== Segment start ==

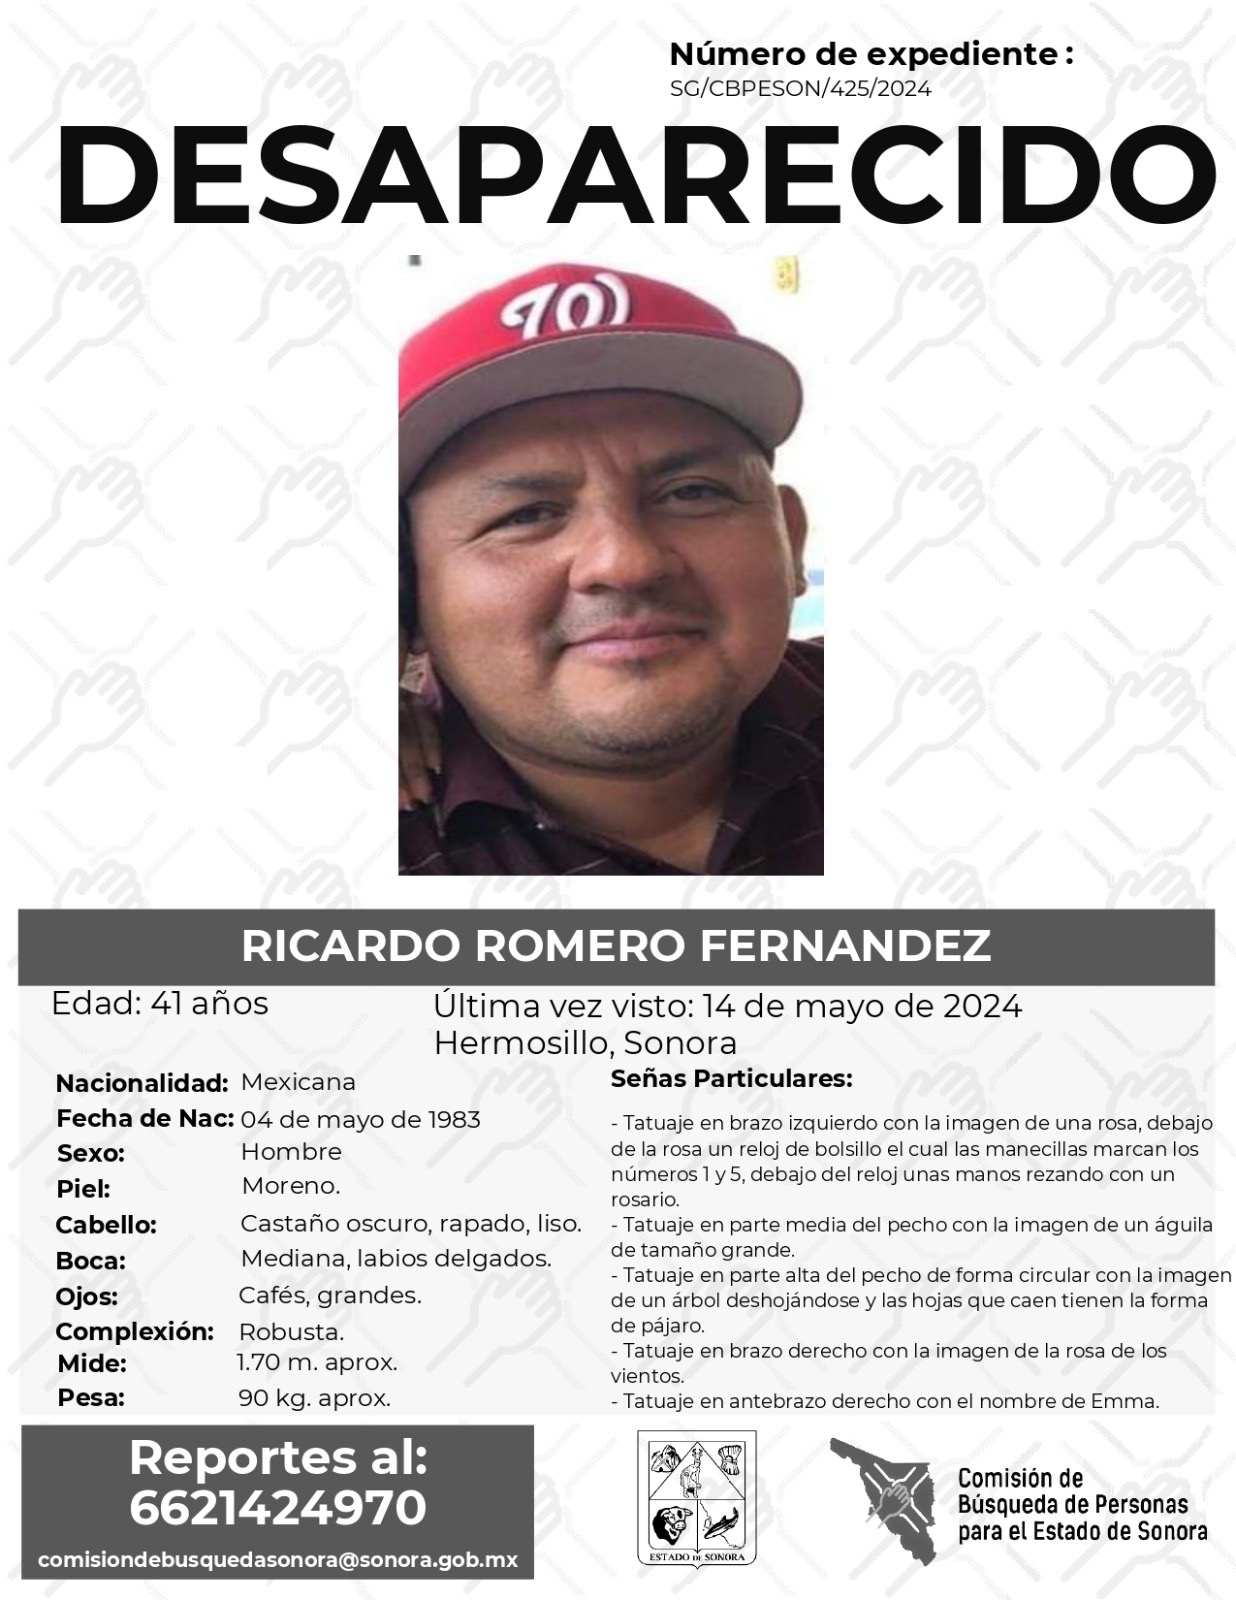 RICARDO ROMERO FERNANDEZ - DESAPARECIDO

== Segment end ==
== Segment start ==

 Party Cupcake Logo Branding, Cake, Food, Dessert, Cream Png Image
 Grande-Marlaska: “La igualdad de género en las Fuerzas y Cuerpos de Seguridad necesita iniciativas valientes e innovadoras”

== Segment end ==

> THE TASK
Keep both end lines and retype everything in the records above from the line containing "Party Cupcake Logo" through the line containing "igualdad de género", exactly, with nothing else.

> SOLUTION TO THE PROBLEM
 Party Cupcake Logo Branding, Cake, Food, Dessert, Cream Png Image
 Grande-Marlaska: “La igualdad de género en las Fuerzas y Cuerpos de Seguridad necesita iniciativas valientes e innovadoras”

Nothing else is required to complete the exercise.